TASK DETAILS: Copy all of the data below without altering a single line.

MATERIAL TO PROCESS: Begin

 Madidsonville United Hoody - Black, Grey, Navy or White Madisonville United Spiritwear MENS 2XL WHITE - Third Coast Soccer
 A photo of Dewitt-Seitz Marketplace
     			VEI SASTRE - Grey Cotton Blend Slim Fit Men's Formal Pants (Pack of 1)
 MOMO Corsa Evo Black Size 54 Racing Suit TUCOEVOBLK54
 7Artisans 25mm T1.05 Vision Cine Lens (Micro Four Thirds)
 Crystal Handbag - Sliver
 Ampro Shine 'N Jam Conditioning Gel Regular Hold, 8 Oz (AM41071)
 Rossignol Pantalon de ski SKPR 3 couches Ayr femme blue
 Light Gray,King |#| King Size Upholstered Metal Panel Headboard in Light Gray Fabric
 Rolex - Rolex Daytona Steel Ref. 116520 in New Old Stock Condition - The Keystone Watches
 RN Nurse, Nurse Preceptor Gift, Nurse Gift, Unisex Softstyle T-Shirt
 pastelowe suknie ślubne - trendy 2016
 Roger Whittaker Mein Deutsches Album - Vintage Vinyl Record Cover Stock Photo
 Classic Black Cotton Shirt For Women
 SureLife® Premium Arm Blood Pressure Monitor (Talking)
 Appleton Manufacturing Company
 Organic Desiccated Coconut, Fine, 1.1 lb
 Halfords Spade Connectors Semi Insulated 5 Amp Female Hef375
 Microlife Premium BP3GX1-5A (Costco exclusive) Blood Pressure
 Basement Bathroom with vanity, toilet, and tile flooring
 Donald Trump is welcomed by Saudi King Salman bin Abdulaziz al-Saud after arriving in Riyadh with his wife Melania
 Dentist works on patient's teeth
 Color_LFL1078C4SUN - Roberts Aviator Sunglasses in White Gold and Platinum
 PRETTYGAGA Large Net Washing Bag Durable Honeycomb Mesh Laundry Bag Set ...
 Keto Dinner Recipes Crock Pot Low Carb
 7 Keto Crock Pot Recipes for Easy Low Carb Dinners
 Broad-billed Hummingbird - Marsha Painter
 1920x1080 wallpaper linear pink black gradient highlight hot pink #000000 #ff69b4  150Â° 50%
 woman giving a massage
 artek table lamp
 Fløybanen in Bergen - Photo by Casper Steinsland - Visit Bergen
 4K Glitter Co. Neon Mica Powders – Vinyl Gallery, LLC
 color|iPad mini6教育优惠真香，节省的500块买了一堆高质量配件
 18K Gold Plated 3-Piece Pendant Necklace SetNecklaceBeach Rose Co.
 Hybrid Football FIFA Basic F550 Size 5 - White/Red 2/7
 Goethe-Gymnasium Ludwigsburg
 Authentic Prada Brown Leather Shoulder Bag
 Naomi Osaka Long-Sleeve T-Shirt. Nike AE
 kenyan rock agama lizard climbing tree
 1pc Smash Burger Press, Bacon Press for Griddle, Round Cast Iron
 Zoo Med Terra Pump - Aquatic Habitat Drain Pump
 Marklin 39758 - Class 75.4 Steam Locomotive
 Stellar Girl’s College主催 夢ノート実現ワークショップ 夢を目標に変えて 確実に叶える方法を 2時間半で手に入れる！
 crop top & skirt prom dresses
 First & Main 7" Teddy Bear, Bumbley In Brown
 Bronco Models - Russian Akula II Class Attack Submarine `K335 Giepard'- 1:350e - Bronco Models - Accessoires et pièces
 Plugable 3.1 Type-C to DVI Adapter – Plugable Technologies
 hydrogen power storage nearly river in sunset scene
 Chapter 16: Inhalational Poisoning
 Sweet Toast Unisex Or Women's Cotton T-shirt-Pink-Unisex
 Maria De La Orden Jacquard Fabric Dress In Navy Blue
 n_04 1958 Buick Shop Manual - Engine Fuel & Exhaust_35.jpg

MATERIAL TO PROCESS: End

TASK OUTPUT:
 Madidsonville United Hoody - Black, Grey, Navy or White Madisonville United Spiritwear MENS 2XL WHITE - Third Coast Soccer
 A photo of Dewitt-Seitz Marketplace
     			VEI SASTRE - Grey Cotton Blend Slim Fit Men's Formal Pants (Pack of 1)
 MOMO Corsa Evo Black Size 54 Racing Suit TUCOEVOBLK54
 7Artisans 25mm T1.05 Vision Cine Lens (Micro Four Thirds)
 Crystal Handbag - Sliver
 Ampro Shine 'N Jam Conditioning Gel Regular Hold, 8 Oz (AM41071)
 Rossignol Pantalon de ski SKPR 3 couches Ayr femme blue
 Light Gray,King |#| King Size Upholstered Metal Panel Headboard in Light Gray Fabric
 Rolex - Rolex Daytona Steel Ref. 116520 in New Old Stock Condition - The Keystone Watches
 RN Nurse, Nurse Preceptor Gift, Nurse Gift, Unisex Softstyle T-Shirt
 pastelowe suknie ślubne - trendy 2016
 Roger Whittaker Mein Deutsches Album - Vintage Vinyl Record Cover Stock Photo
 Classic Black Cotton Shirt For Women
 SureLife® Premium Arm Blood Pressure Monitor (Talking)
 Appleton Manufacturing Company
 Organic Desiccated Coconut, Fine, 1.1 lb
 Halfords Spade Connectors Semi Insulated 5 Amp Female Hef375
 Microlife Premium BP3GX1-5A (Costco exclusive) Blood Pressure
 Basement Bathroom with vanity, toilet, and tile flooring
 Donald Trump is welcomed by Saudi King Salman bin Abdulaziz al-Saud after arriving in Riyadh with his wife Melania
 Dentist works on patient's teeth
 Color_LFL1078C4SUN - Roberts Aviator Sunglasses in White Gold and Platinum
 PRETTYGAGA Large Net Washing Bag Durable Honeycomb Mesh Laundry Bag Set ...
 Keto Dinner Recipes Crock Pot Low Carb
 7 Keto Crock Pot Recipes for Easy Low Carb Dinners
 Broad-billed Hummingbird - Marsha Painter
 1920x1080 wallpaper linear pink black gradient highlight hot pink #000000 #ff69b4  150Â° 50%
 woman giving a massage
 artek table lamp
 Fløybanen in Bergen - Photo by Casper Steinsland - Visit Bergen
 4K Glitter Co. Neon Mica Powders – Vinyl Gallery, LLC
 color|iPad mini6教育优惠真香，节省的500块买了一堆高质量配件
 18K Gold Plated 3-Piece Pendant Necklace SetNecklaceBeach Rose Co.
 Hybrid Football FIFA Basic F550 Size 5 - White/Red 2/7
 Goethe-Gymnasium Ludwigsburg
 Authentic Prada Brown Leather Shoulder Bag
 Naomi Osaka Long-Sleeve T-Shirt. Nike AE
 kenyan rock agama lizard climbing tree
 1pc Smash Burger Press, Bacon Press for Griddle, Round Cast Iron
 Zoo Med Terra Pump - Aquatic Habitat Drain Pump
 Marklin 39758 - Class 75.4 Steam Locomotive
 Stellar Girl’s College主催 夢ノート実現ワークショップ 夢を目標に変えて 確実に叶える方法を 2時間半で手に入れる！
 crop top & skirt prom dresses
 First & Main 7" Teddy Bear, Bumbley In Brown
 Bronco Models - Russian Akula II Class Attack Submarine `K335 Giepard'- 1:350e - Bronco Models - Accessoires et pièces
 Plugable 3.1 Type-C to DVI Adapter – Plugable Technologies
 hydrogen power storage nearly river in sunset scene
 Chapter 16: Inhalational Poisoning
 Sweet Toast Unisex Or Women's Cotton T-shirt-Pink-Unisex
 Maria De La Orden Jacquard Fabric Dress In Navy Blue
 n_04 1958 Buick Shop Manual - Engine Fuel & Exhaust_35.jpg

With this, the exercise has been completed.